A recent study published in The Latest England Journal of Medicine evaluated whether the bacilli Calmette–Guérin (BCG) vaccine could protect healthcare staff (HCWs) against coronavirus disease 2019 (COVID-19).

​​​​​​​Study: Randomized Trial of BCG Vaccine to Protect against Covid-19 in Health Care Staff. Image Credit: ChompooSuriyo/Shutterstock.com

Background

The BCG vaccine has off-target immunomodulatory effects, which could moreover protect against other infections. The vaccine is related to a lower mortality risk from any cause in infants and a lower risk of respiratory infections in adults/adolescents.

Within the early COVID-19 pandemic, BCG vaccine repurposing was proposed to guard against COVID-19. The hypothesis was that the vaccine might augment protection against SARS-CoV-2 until vaccines for the pathogen were available.

Concerning the study

In the current study, researchers evaluated whether COVID-19 incidence and severity can be lower in BCG-vaccinated HCWs in a randomized controlled trial. The study was conducted in two phases.

In the primary phase, only Australian HCWs were recruited between March and May 2020. Within the second phase, HCWs were recruited from Brazil, Spain, the Netherlands, and the UK between May 2020 and April 2021.

Subjects were excluded if previously they were SARS-CoV-2-positive, immunized with the BCG vaccine up to now yr or other live-attenuated vaccines up to now month, involved in other COVID-19 trials, or had contraindications to the BCG vaccine.

Participants within the double-blind second phase were randomized to receive the BCG vaccine or a saline placebo and were followed for one yr.

The present evaluation focused on the second phase because community transmission of SARS-CoV-2 was negligible in the primary phase. Blood samples were collected at baseline and each three months after randomization for serologic testing.

Respiratory swab samples were also obtained from Brazilian HCWs for the SARS-CoV-2 reverse-transcription polymerase chain response (RT-PCR) assay.

Randomization was stratified by age group, geographic region, and the presence/absence of coexisting conditions.

A dose of 0.1 ml BCG-Denmark vaccine or placebo was intradermally injected. Primary outcomes were the incidence of symptomatic COVID-19 and severe illness at six months post-randomization.

Severe illness is a COVID-19 episode with severe disease without hospitalization or death. Secondary outcomes were asymptomatic infection, time to COVID-19 onset, variety of days with symptoms, variety of days confined to bed or absent from work, variety of COVID-19 episodes, and complications.

Findings

Within the second phase, 3,988 HCWs were randomized to receive the BCG vaccine or placebo. Baseline characteristics were similar between vaccine and placebo recipients, apart from the marginally higher proportion of females amongst placebo recipients.

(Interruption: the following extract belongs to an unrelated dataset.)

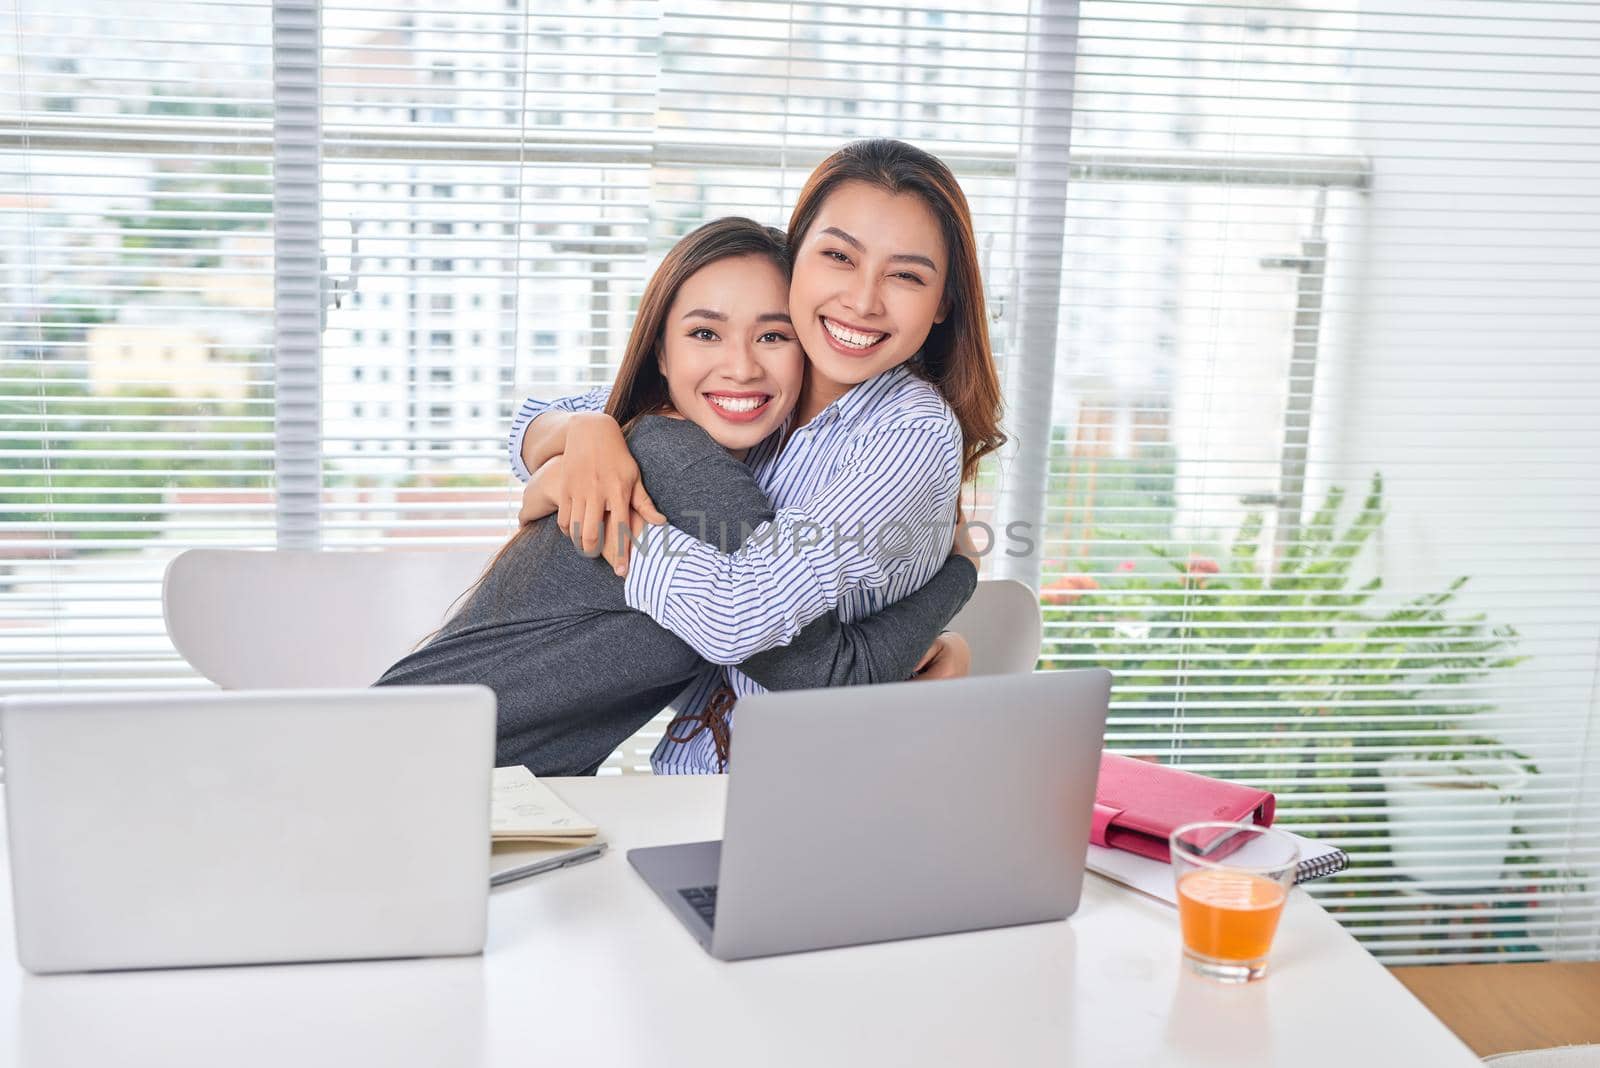 Indoor portrait of smiling girls working together in office. Pretty woman spending time with friend during break and posing for photo in library. by makidotvn

Most participants (64%) were recruited in Brazil. At baseline, 14% of participants were positive for SARS-CoV-2 antibodies, and a pair of.7% of swabs from Brazilian participants were positive for SARS-CoV-2.

As such, the modified intention-to-treat population included 1,703 subjects within the BCG group and 1,683 within the placebo group. Symptomatic COVID-19 was recorded in 132 BCG recipients and 106 placebo recipients. Severe COVID-19 occurred in 75 and 61 subjects in BCG and placebo groups, respectively.

Most patients with severe illness couldn’t work for a minimum of three days. The probability of any episode of COVID-19 was higher amongst BCG recipients than placebo participants. Five hospitalizations occurred in each group. BCG recipients aged 60 or older had fewer days with symptoms than those within the placebo group.

In a subgroup of HCWs without coexisting conditions, BCG recipients had fewer days with symptoms than placebo recipients. In a subset of those with coexisting conditions, placebo recipients had fewer symptomatic days than BCG recipients.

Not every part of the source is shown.